Сделать. Насладиться победой. Показать прошлому средний палец и укатить обратно в Лондон. Трахать Ангелочка. И еще парочку симпатичных не замороченных малышек моего возраста.
Когда именно все пошло наперекосяк?
Я роняю лицо в подушку, второй накрываюсь сверху. Превращая свою голову в бутербродную прослойку. Бесполезно: я все равно слышу смех Монашки, чувствую ее запах, прикосновения под рубашкой, которые яростно расчесываю который день до, блядь, практически незаживающих ран.
И еще не выговаривающая половину алфавита малышка.
Я завязывал ей косички.
Думал — ни хрена не получится, и ее дурацкая Тангл Тизл с рисунком «Hello Kitty» все время вываливалась из рук. Эту расческу я потом нашел между диваном и креслом, и сунул в свою дорожную сумку: выбросить рука не поднялась, но не оставлять же следующим постояльцам?
Думал — буду смотреть на нее и ничего во мне не ёкнет, не напомнит, каким мелким был я сам и как мне хотелось ласки и любви.
Хер там плавал.
Меня выкручивает наизнанку, стоит вспомнить шёпот на ухо: «Защити маму…»
«Мама» сама себя отлично защитила.
В очередной раз продавшись.
Все мы приспосабливаемся как умеем.
Мне пора уезжать.
Прошло уже десять дней, срок аренды квартиры истекает в начале следующей недели.
Я больше никогда сюда не вернусь: в эту сраную страну, к этим сраным людям и их уродливым жизням.
В жопу все!
Осталось попрощаться лишь с одним человеком — с матерью.
Хоть это попахивает мазохизмом, потому что в той церкви я впервые увидел Монашку. Как ни хреново это звучит, но сейчас я почти уверен, что эта женщина была послана мне дьяволом, для искушения. Проверки яиц на твердость.
И я ее благополучно просрал.
В церкви пахнет ладаном и умиротворением.
На скамейках — пара прихожан. На мгновение мне кажется, что вот та тонкая фигура справа — Анфиса. Что все повторяется как в «Дне сурка», но женщина оборачивается — и я мысленно даю себе под зад. Она совсем не похожа на мое личное проклятие, что только у меня в башке?
У статуи Девы Марии стою долго и молча. Держу руки в карманах брюк, хоть это и выглядит хуй знает, как. Но уж какой есть. В душе раздрай, в башке — пустота.
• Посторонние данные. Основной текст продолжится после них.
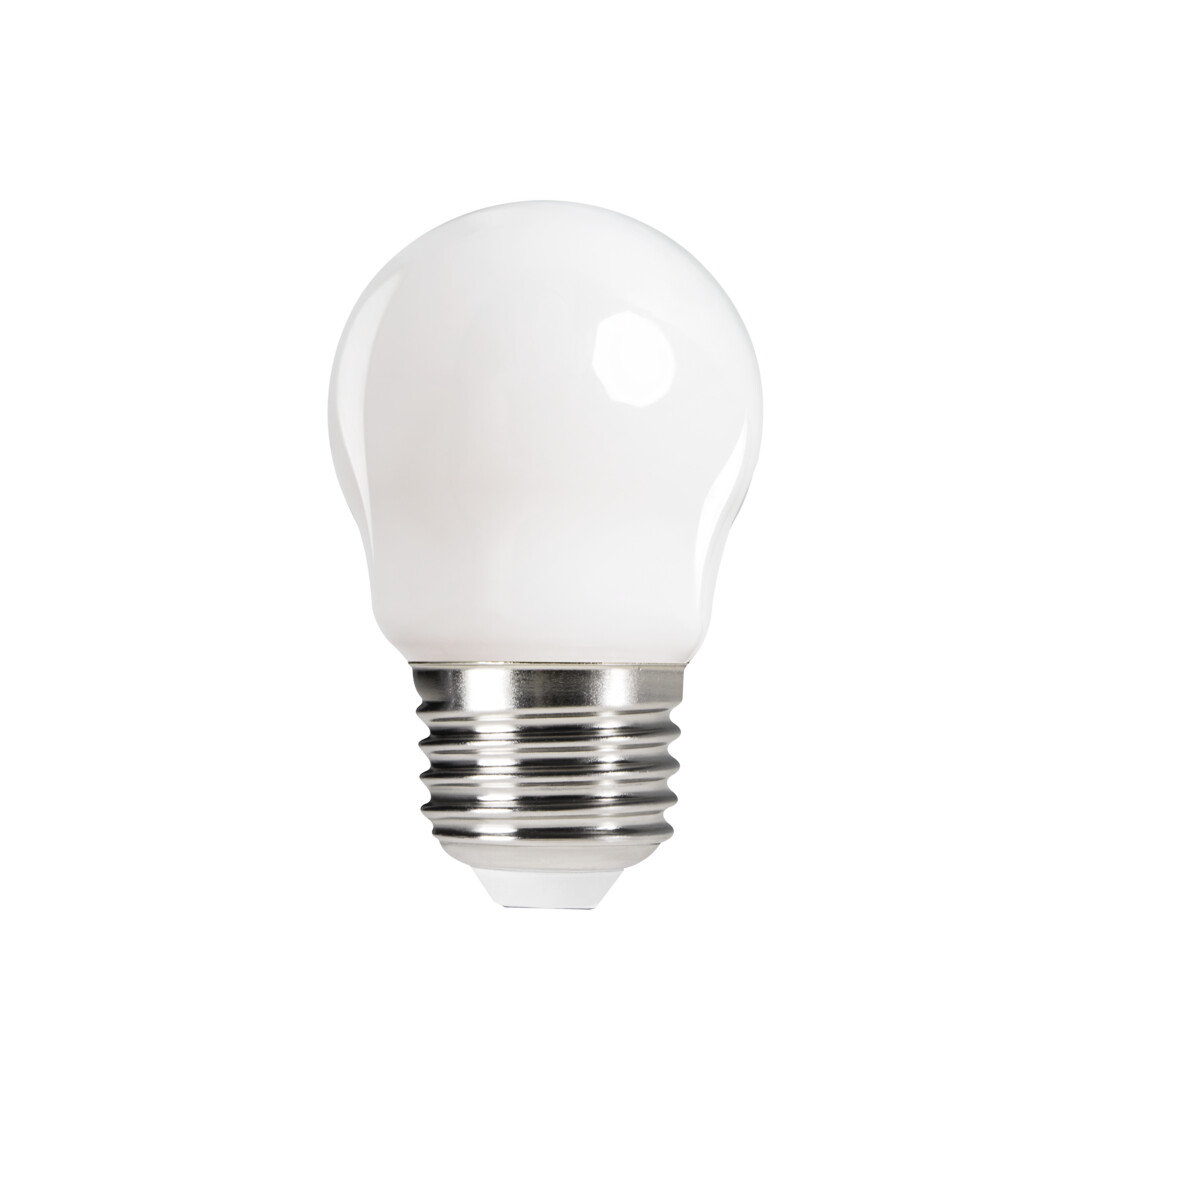 Heup gevaarlijk onwettig LED light source XLED G45 E27 6W-WW-M - Kanlux

Здесь прощались с матерью.
На всем белом свете нет другого места, где бы я мог преклонить колени и сказать, что несмотря ни на что, не спился, не подох в наркоманском угаре и собственной блевотине. Стал человеком, как она и хотела.
Не очень счастливым, но эту правду я не озвучу даже в мысленной исповеди.
«Привет, мам… Знаешь, я в порядке… Правда…»
— Я тебя не сразу узнал, — слышу голос позади.
Оборачиваюсь, пытаюсь выдавить вежливую улыбку для святого отца. Он меня столько раз «наставлял», что не грех склонить голову и попросить благословения. Хоть все эти заморочки с верой — совсем не мое.
Мы обмениваемся парой фраз, словно старые знакомые, хоть я вообще не уверен, что он знает, как меня зовут. Здесь всегда была куча мала босоногих беспризорников.
— Я рад, что она тебя нашла и все изменила, — говорит священник, когда разговор кажется исчерпанным. Улыбается словно знает что-то особенное, лично от боженьки.
— Кто — она? — не врубаюсь я.
— Женщина. Разве вы не…?
— Какая женщина?
Что-то во мне предательски сжимает глотку под самым подбородком. Словно строгач — хуй выдохнешь, чтобы шипами не разорвало глотку.
— Какая, блядь, женщина? — сухим злым шепотом.
Простите, святые образы, сейчас реально не до вас.
Священник открывает рот — и мой мир переворачивается с ног на голову.
Глава 48: Рэйн
У доктора напротив — женщины в летах, одетой так, словно она прямо из-за стола собирается на прием к английской королеве, приятное улыбчивое лицо.
Я сажусь в кресло и стараюсь делать вид, что все ок, у меня не пригорает и меня не бомбит.
Спокоен, как удав.
— Я надеюсь вы понимаете, что проведенный без согласия матери и без ее присутствия тест на отцовство не считается доказательством для… суда, например? Собранный вне лаборатории генетический материал, считается анонимным и не имеет никакой юридической силы.
Не матерюсь только потому, что если открою варежку — меня порвет в клочья.
Я вообще не знаю, как жил эти дни, пока ждал результаты из лаборатории.
Оказалось, что у моих больших денег есть одно охуенное преимущество — ускорение времени. Стоит сказать «я заплачу за скорость вдвое больше» — и все делается буквально на глазах.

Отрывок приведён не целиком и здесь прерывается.